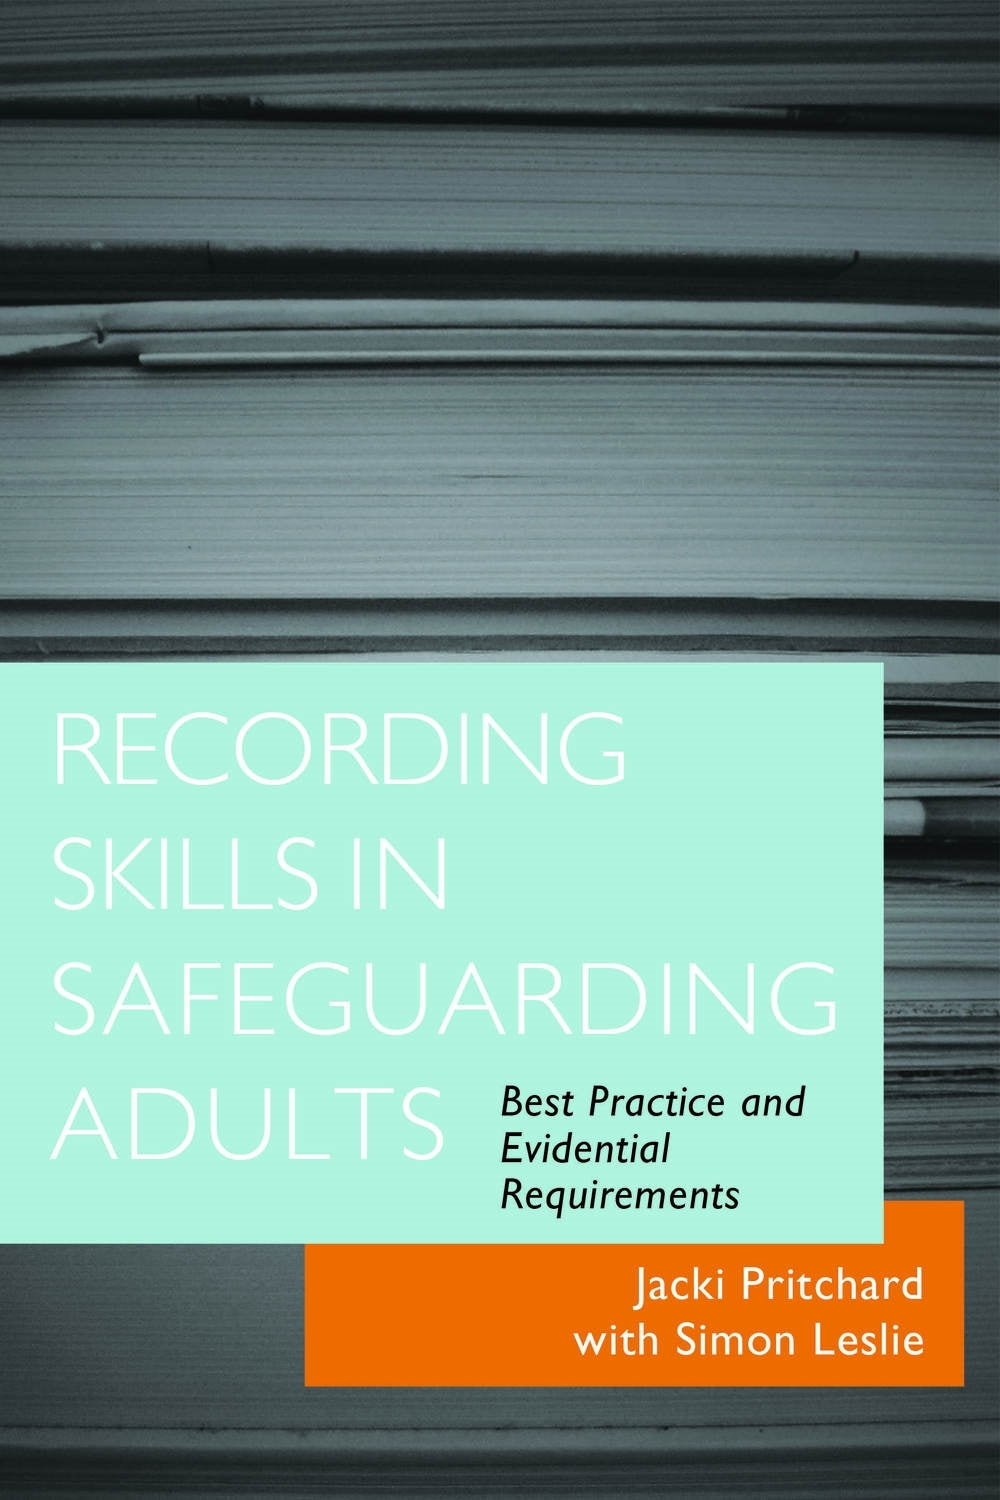 Recording Skills in Safeguarding Adults by Jacki Pritchard, Simon Leslie
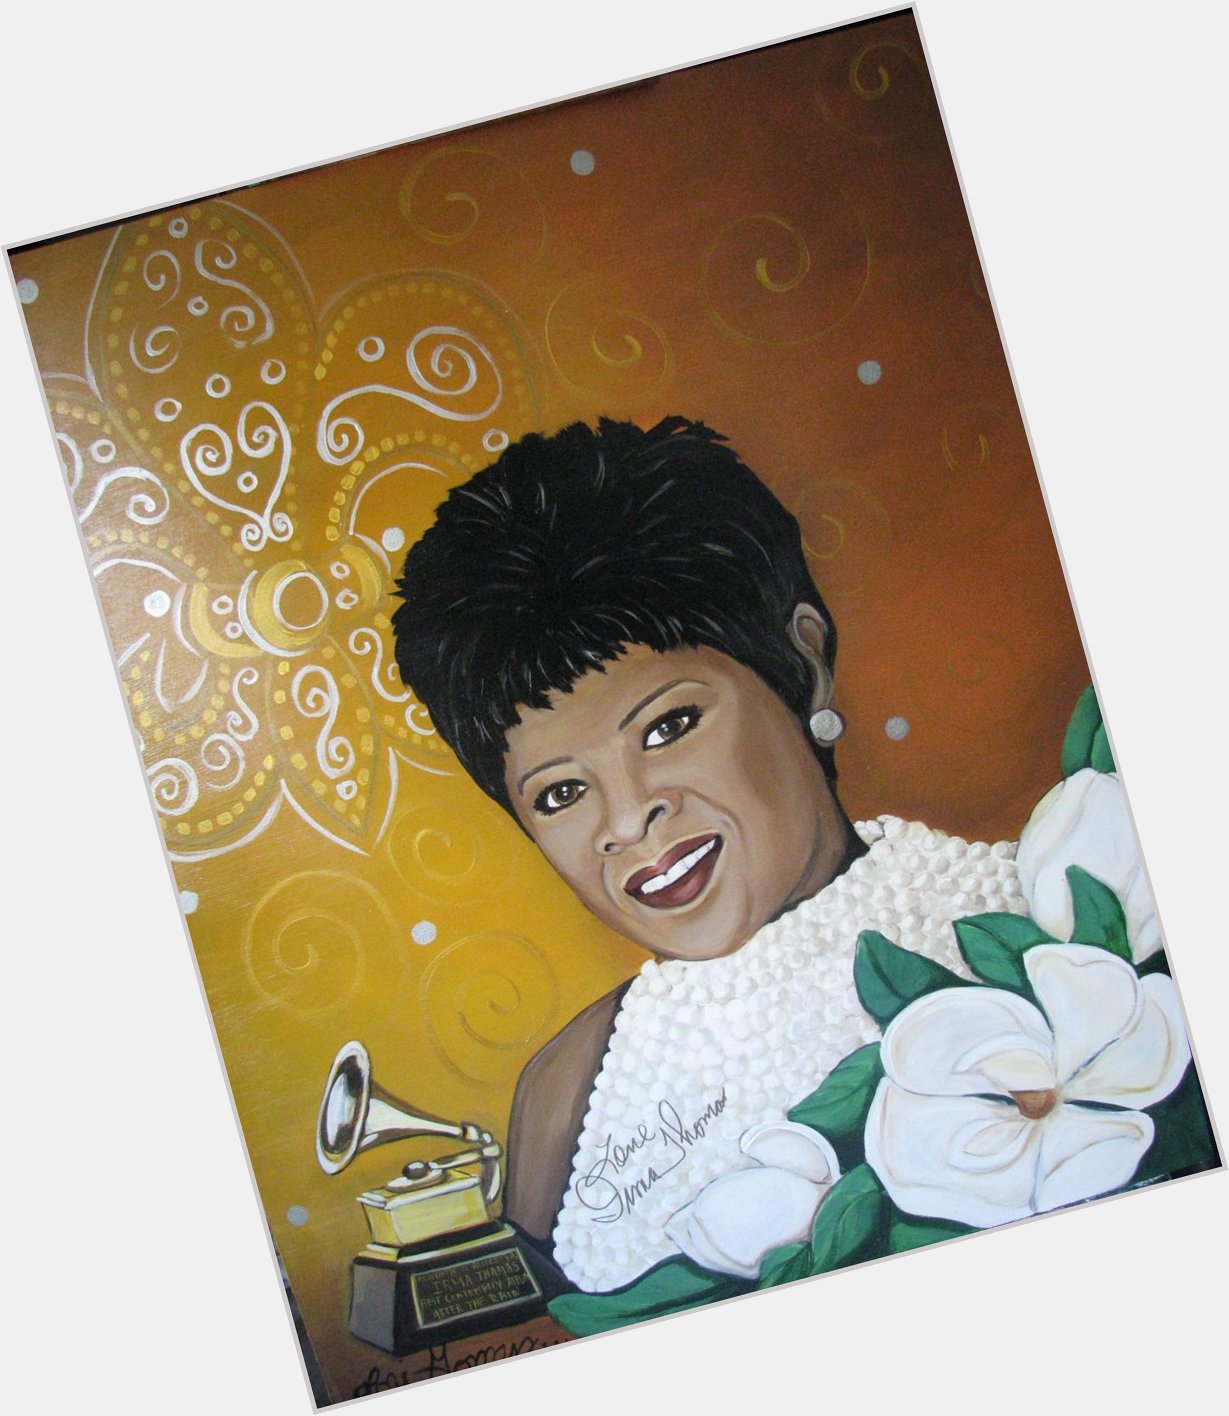 Lori Gomez Art Wants to wish Ms. Irma Thomas a Happy Birthday. This is a painting I did of her that she signed. 
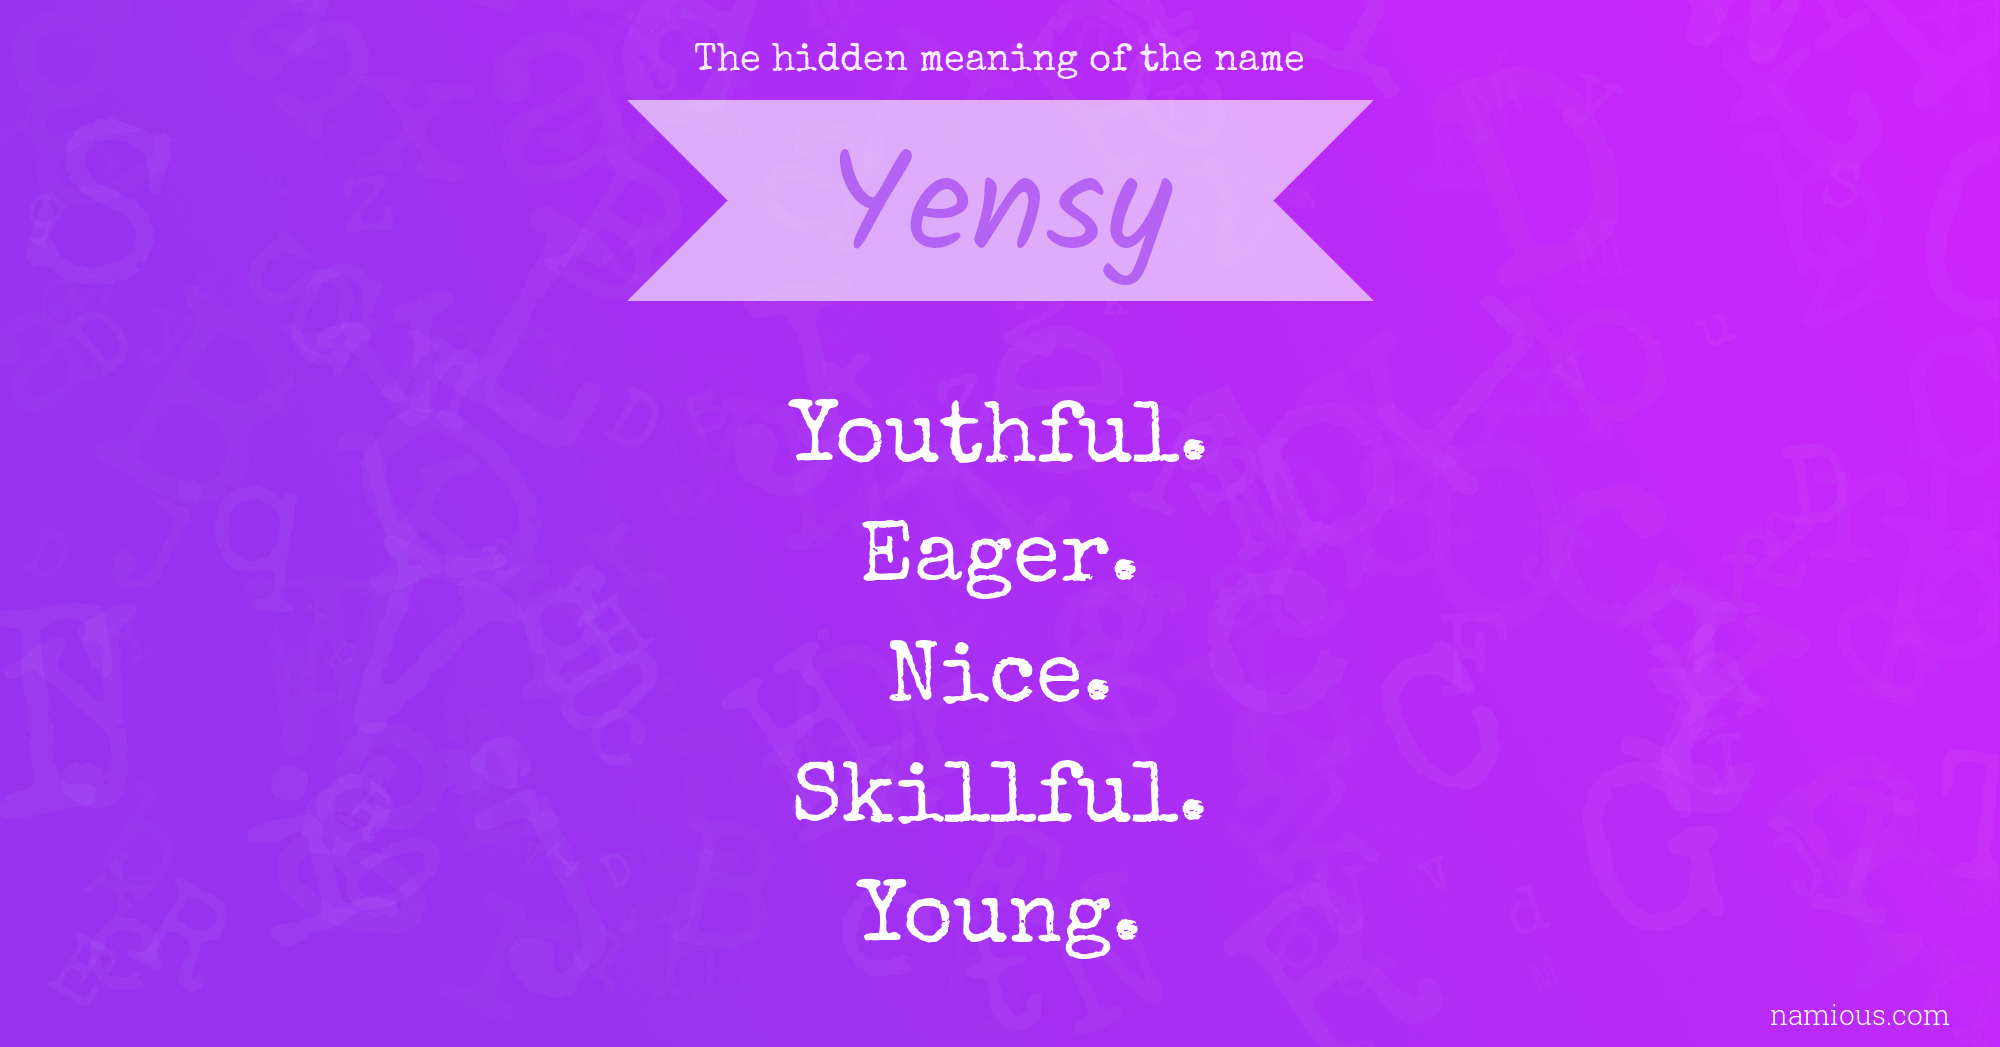 The hidden meaning of the name Yensy
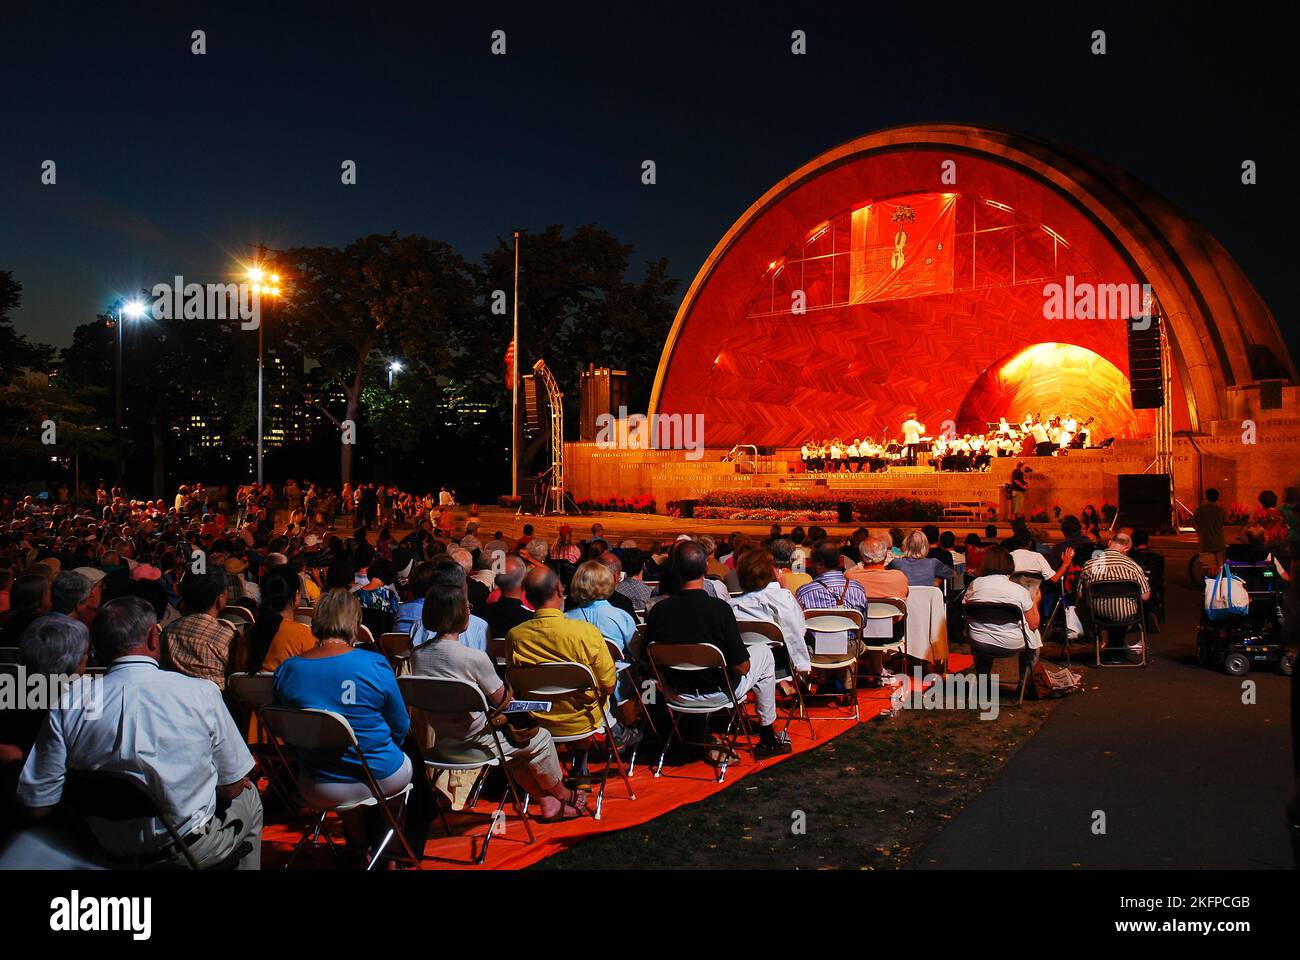 A  audience enjoys a concert by a symphony orchestra playing classical music at night in the illuminated Hatch Shell in Boston Stock Photo
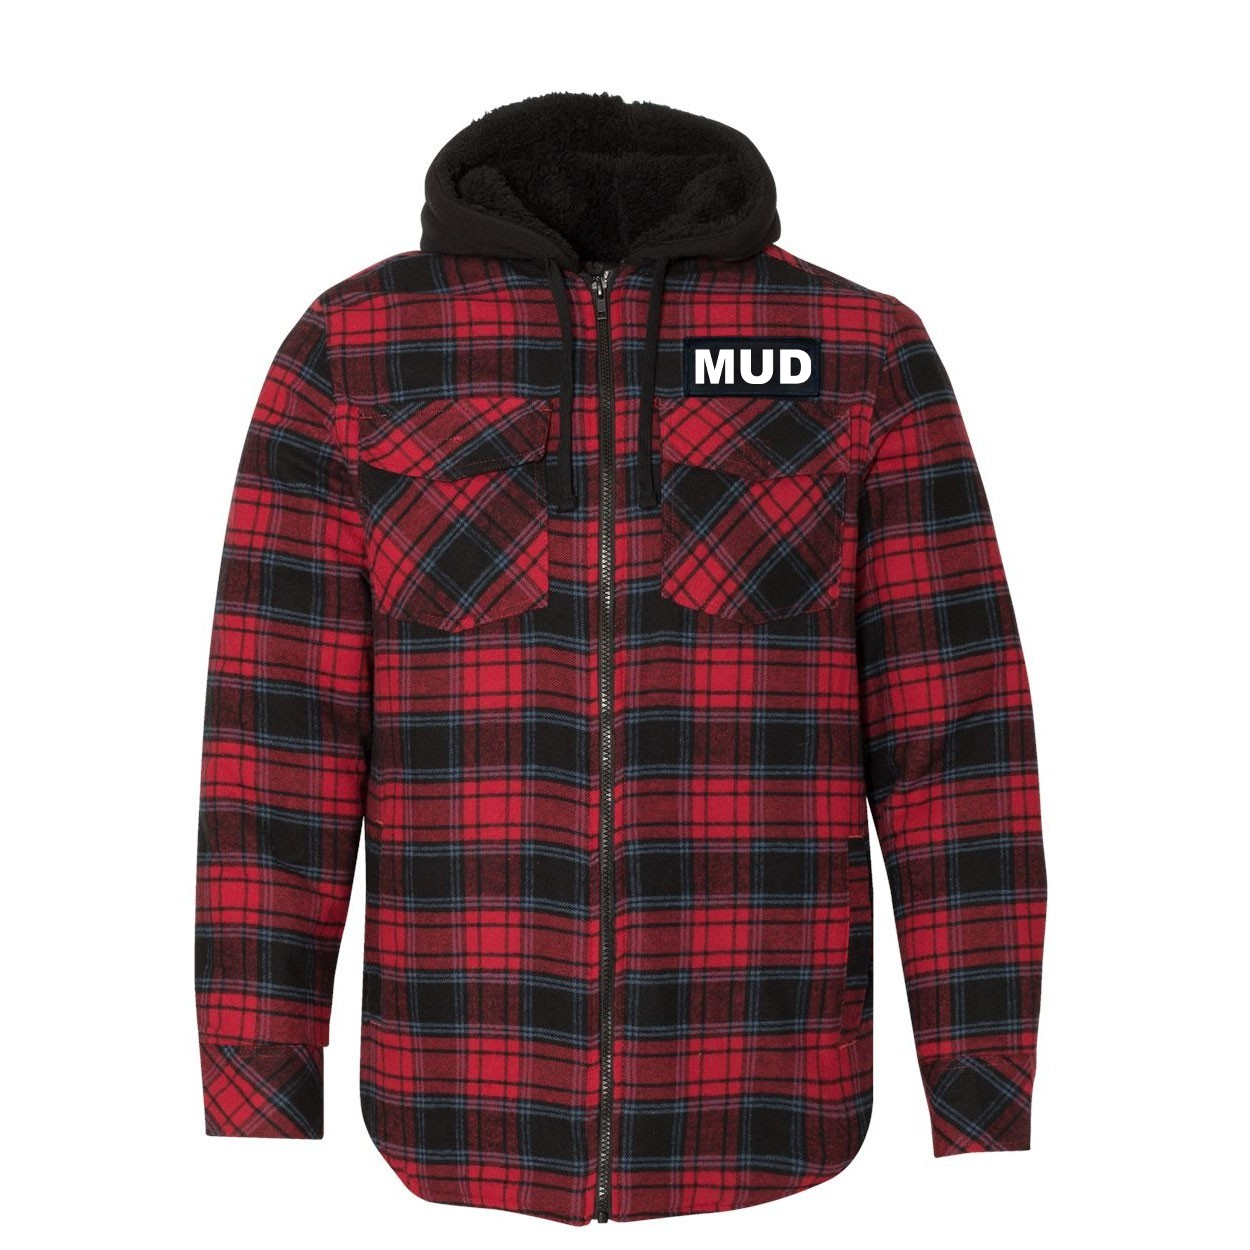 Mud Brand Logo Classic Unisex Full Zip Woven Patch Hooded Flannel Jacket Red/Black Buffalo

━━━━━━━━━━━━━━━━━━━━━━━━━━━━━━

— EXERCISE OBJECTIVE —
Please set the records down again exactly as written. The pictures should not be included.

— ANSWER SPACE —
 Recording Skills in Safeguarding Adults by Jacki Pritchard, Simon Leslie
 Lori Gomez Art Wants to wish Ms. Irma Thomas a Happy Birthday. This is a painting I did of her that she signed. 
 The hidden meaning of the name Yensy
 A  audience enjoys a concert by a symphony orchestra playing classical music at night in the illuminated Hatch Shell in Boston Stock Photo
 Mud Brand Logo Classic Unisex Full Zip Woven Patch Hooded Flannel Jacket Red/Black Buffalo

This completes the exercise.